EU Law: Northern Ireland

(asked on 2nd March 2023) - View Source

Question to the Foreign, Commonwealth & Development Office:

To ask the Secretary of State for Foreign, Commonwealth and Development Affairs, with reference to the Windsor Framework, published on 27 February 2023, CP 806, what EU requirements and rules on Excise taxes will apply to Northern Ireland under the Windsor Agreement.


Answered by
Leo Docherty Portrait
Leo Docherty
Minister of State (Ministry of Defence) (Minister for the Armed Forces)
This question was answered on 10th March 2023

The Windsor Framework secures substantive, legally binding changes, ensuring that Northern Ireland will benefit from the same VAT and alcohol taxes as apply in the rest of the United Kingdom.
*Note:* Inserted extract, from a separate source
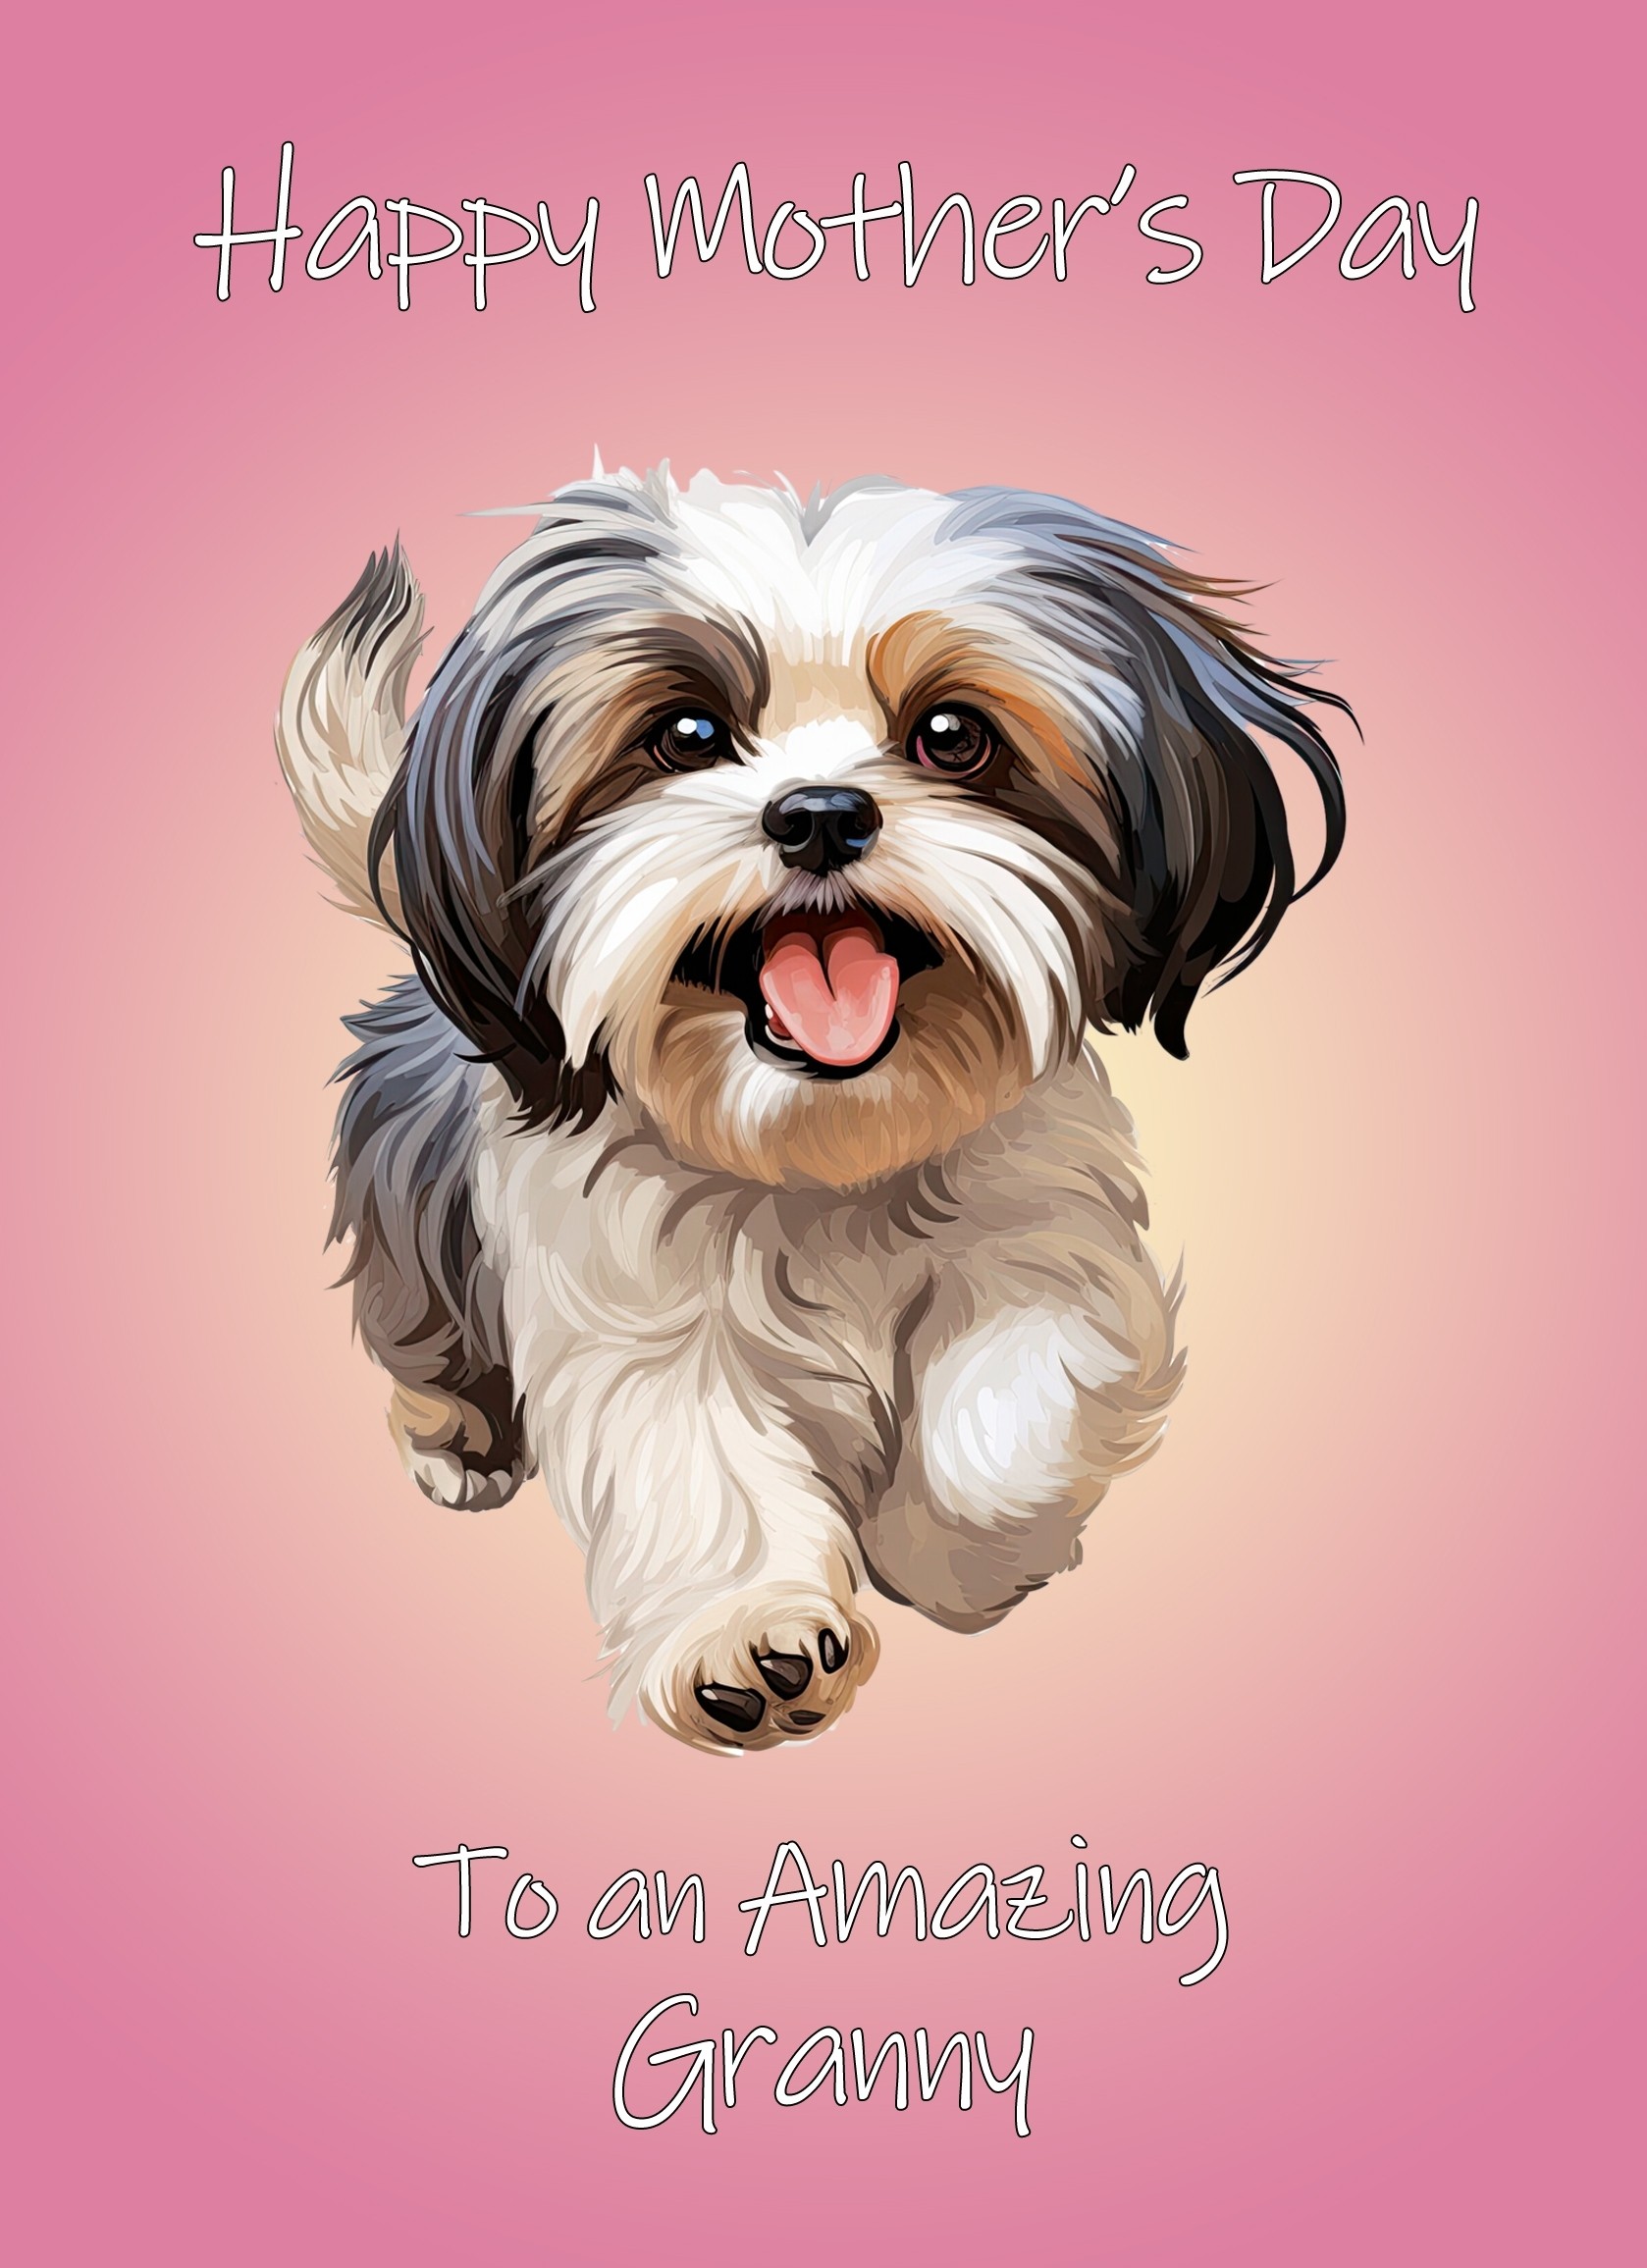 Shih Tzu Dog Mothers Day Card For Granny

It specifically amends the legal text of the treaty to provide these critical freedoms and to lock in flexibility for the future.

Under these arrangements, the Government will restore the integrity of the UK internal market and UK VAT and excise area:

● The Windsor Framework enables the Government to bring forward legislation to ensure that Northern Ireland will be able to apply zero rates of VAT to the installation of energy-saving materials such as heat pumps and solar panels - rectifying the disparity between Great Britain and Northern Ireland.

● It ensures that reforms to alcohol duties, due to take effect this summer, will apply right across the UK from the outset - meaning cheaper pints in pubs and a clearer set of duties overall.

● It removes the limit on the number of reduced and zero rates in Northern Ireland, ensuring parity across the United Kingdom.

● It delivers full flexibility on rates in the future, by establishing new categories that can be applied for VAT purposes where goods are connected to property or consumed in Northern Ireland.

● It protects Northern Ireland's second-hand car market into the future with a new scheme to take effect from 1 May 2023, ending two years of uncertainty for traders and consumers.

● It exempts Northern Ireland businesses from a range of bureaucratic EU rules: saving 2,000 Northern Ireland businesses from needing to register for VAT under a 2025 EU Directive; and avoiding a range of other new burdens on SMEs, and divergence with Great Britain.

● And it establishes a brand new mechanism, first proposed in the UK's 2021 Command Paper, enabling the UK and EU to look at future EU rule changes and make further legally binding changes to resolve any distortive impacts that new EU red tape could cause.